Prompt
Reproduce only the lines below from the line containing "RAL 240 40 40" to the line containing "- Premium Shirt", exactly as written, with both end lines kept. Omit the pictures.

Provided information
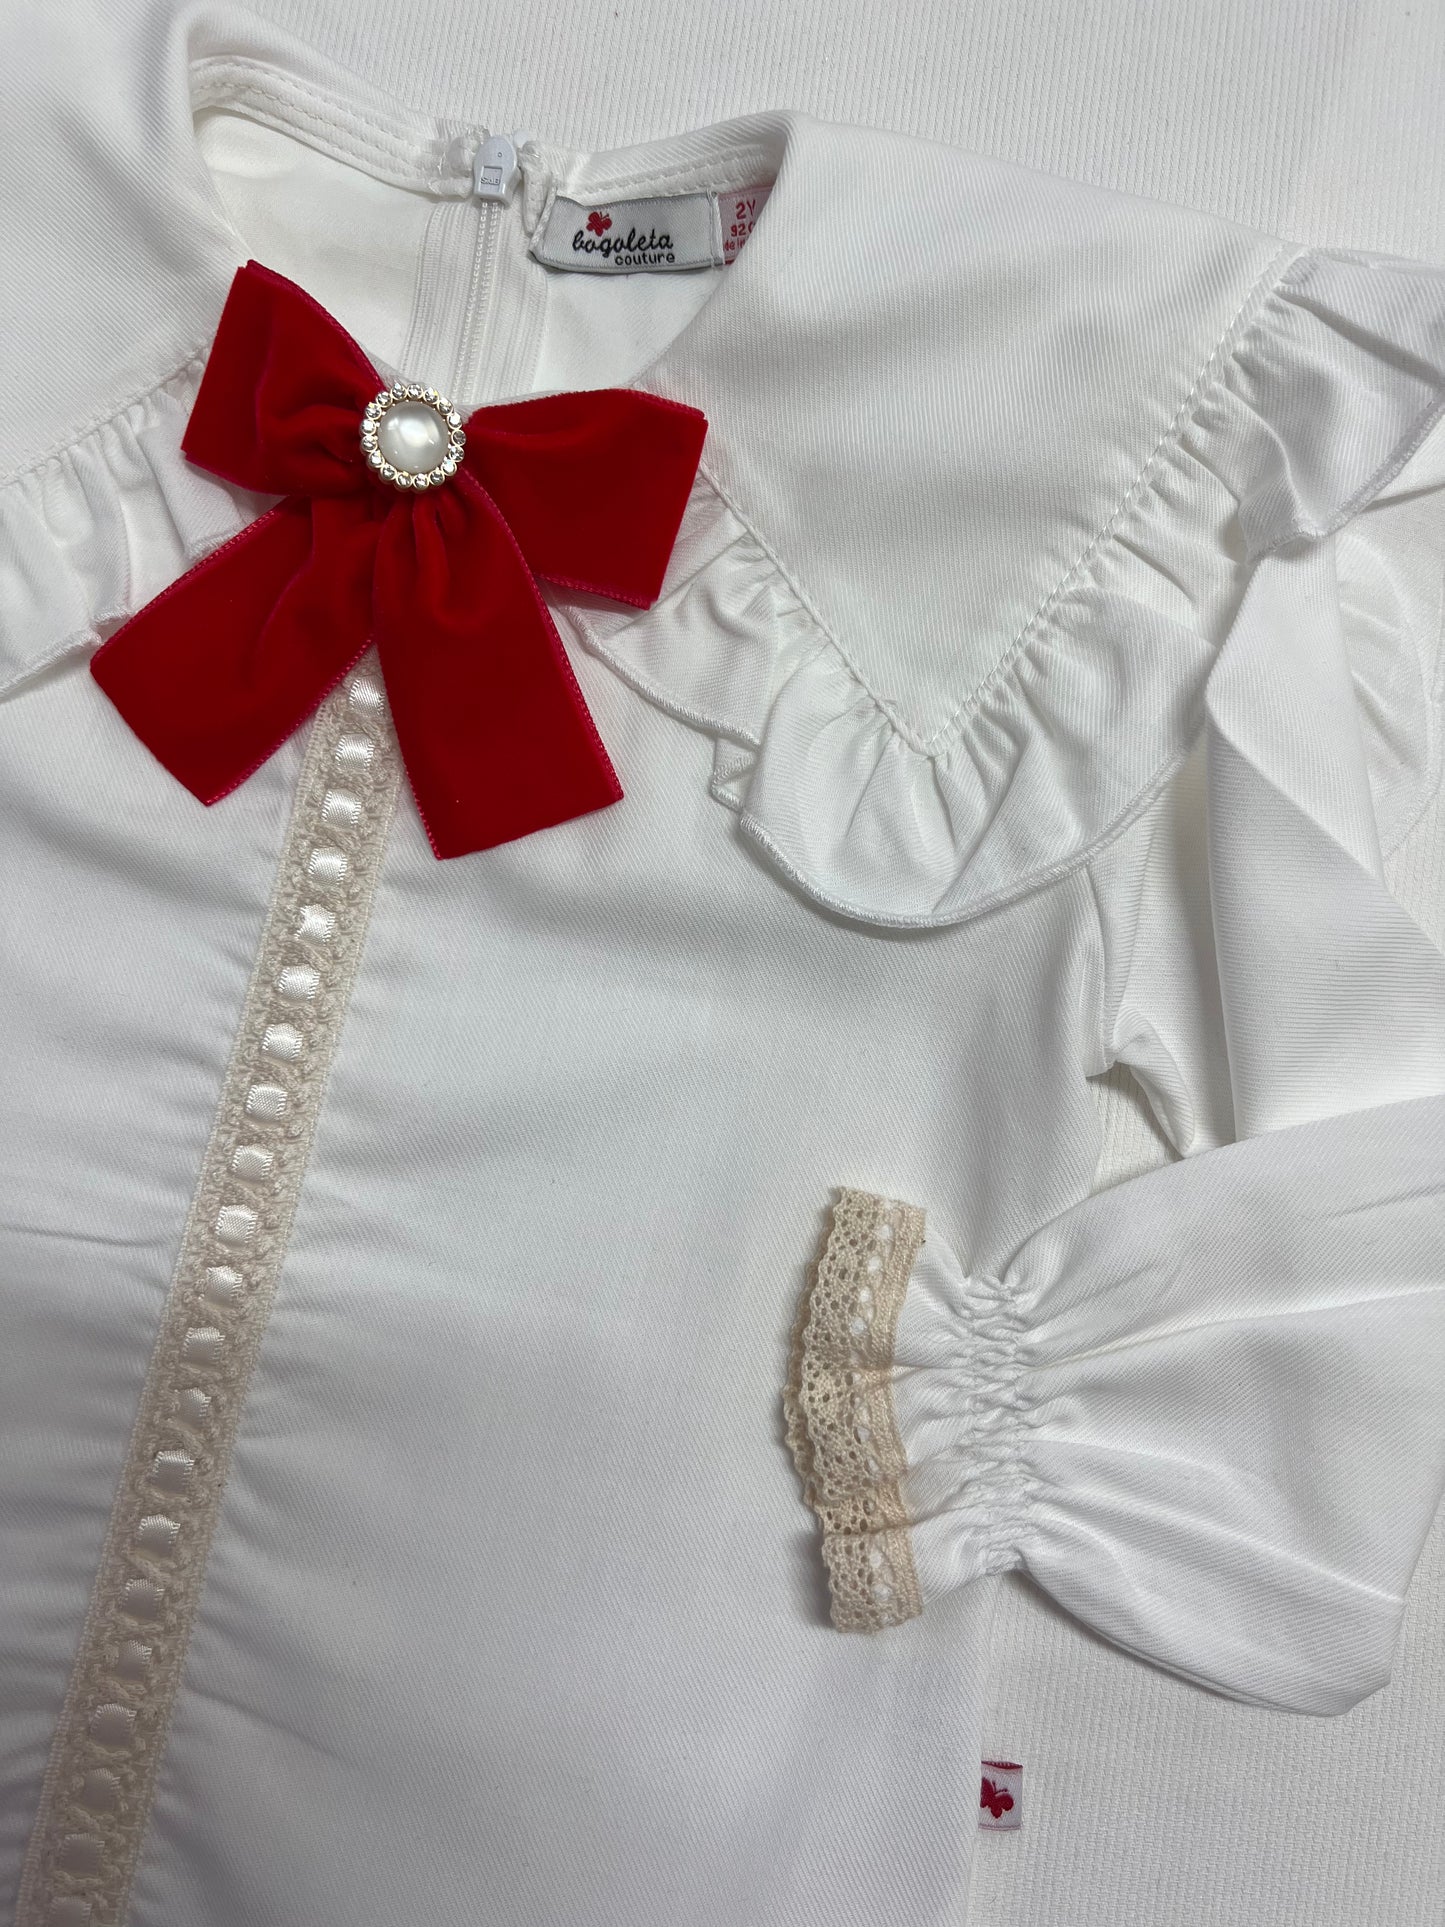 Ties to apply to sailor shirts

* * *

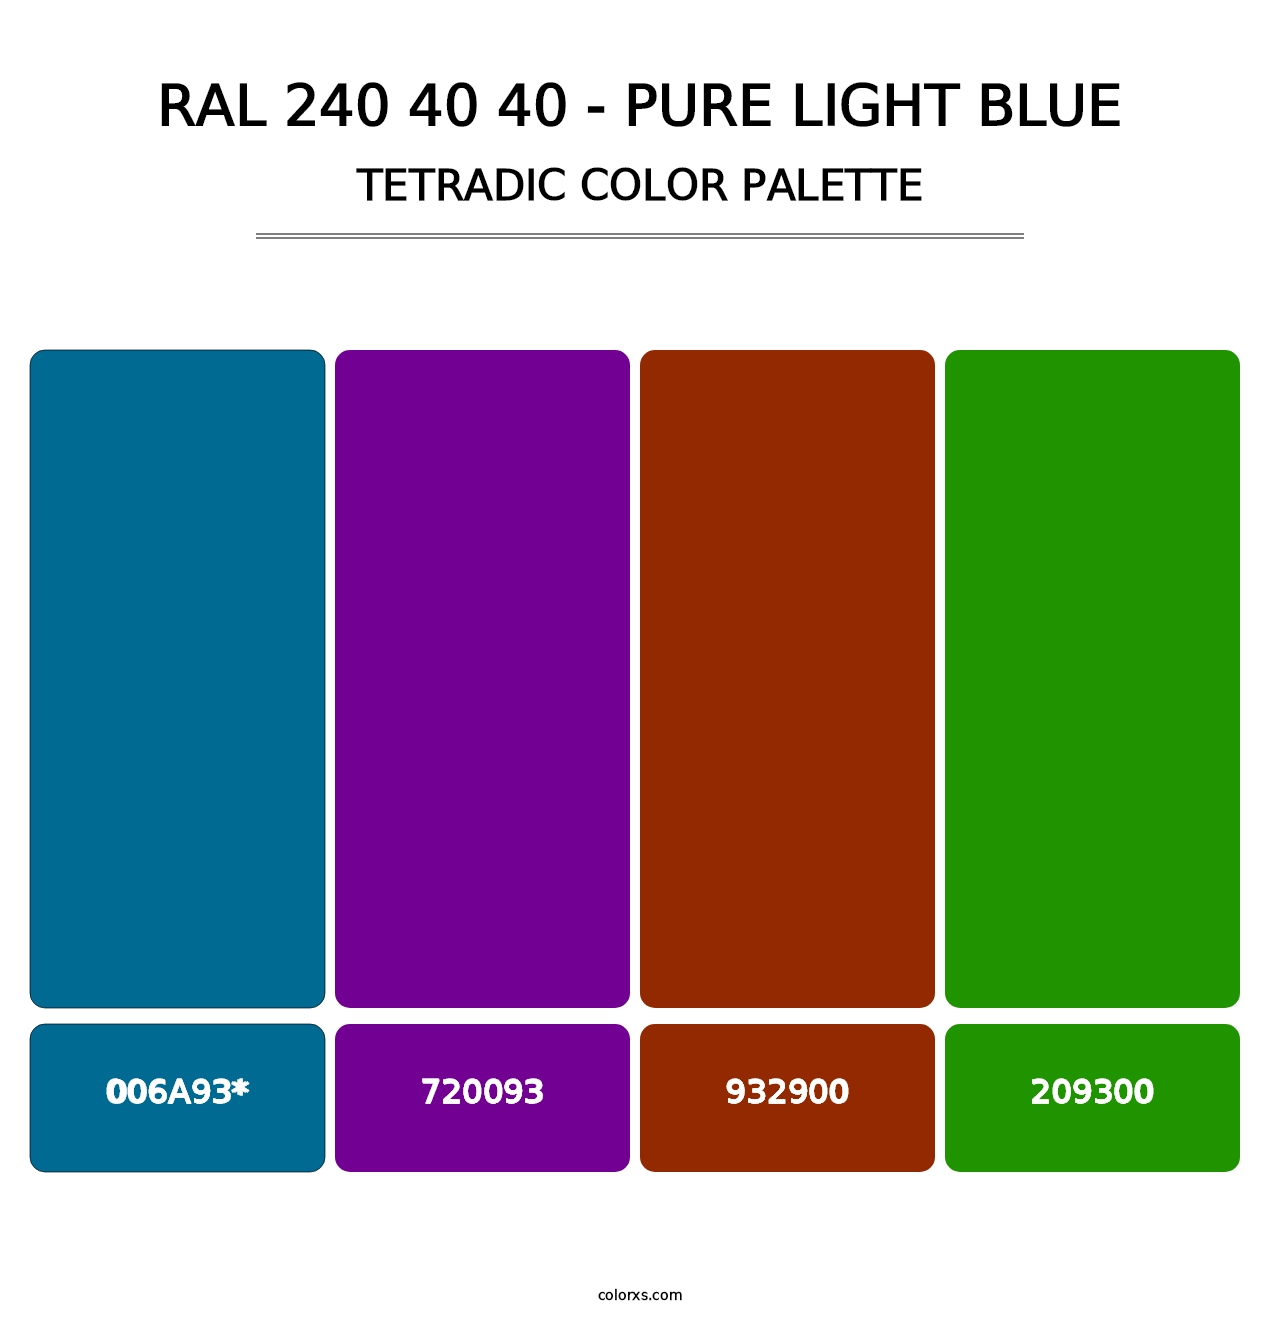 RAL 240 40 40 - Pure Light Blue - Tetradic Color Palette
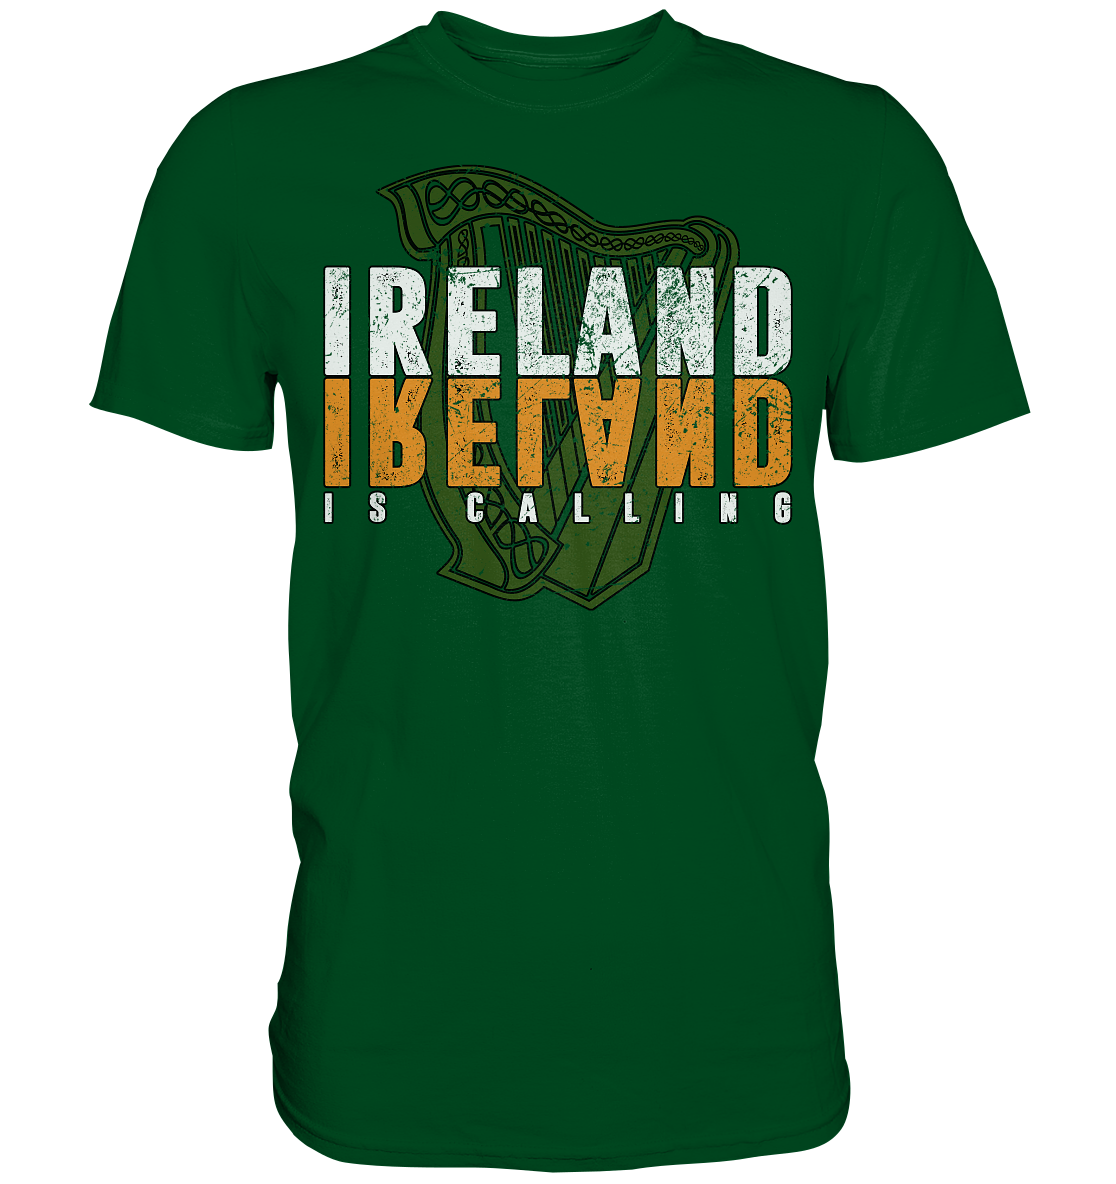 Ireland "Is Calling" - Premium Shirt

...

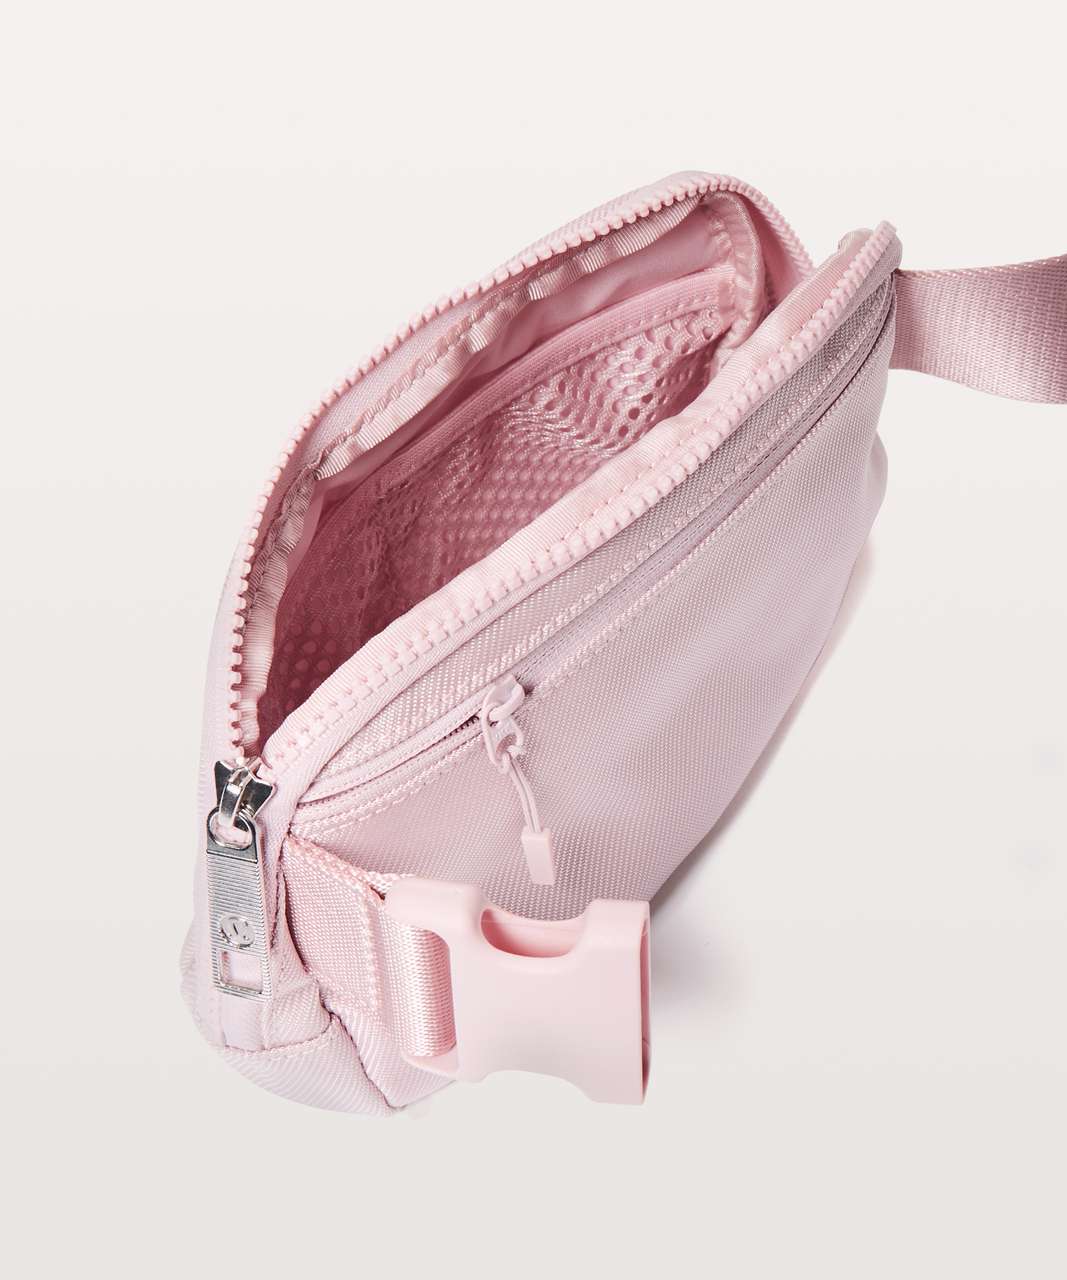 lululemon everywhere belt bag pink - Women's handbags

Response
 RAL 240 40 40 - Pure Light Blue - Tetradic Color Palette
 Ireland "Is Calling" - Premium Shirt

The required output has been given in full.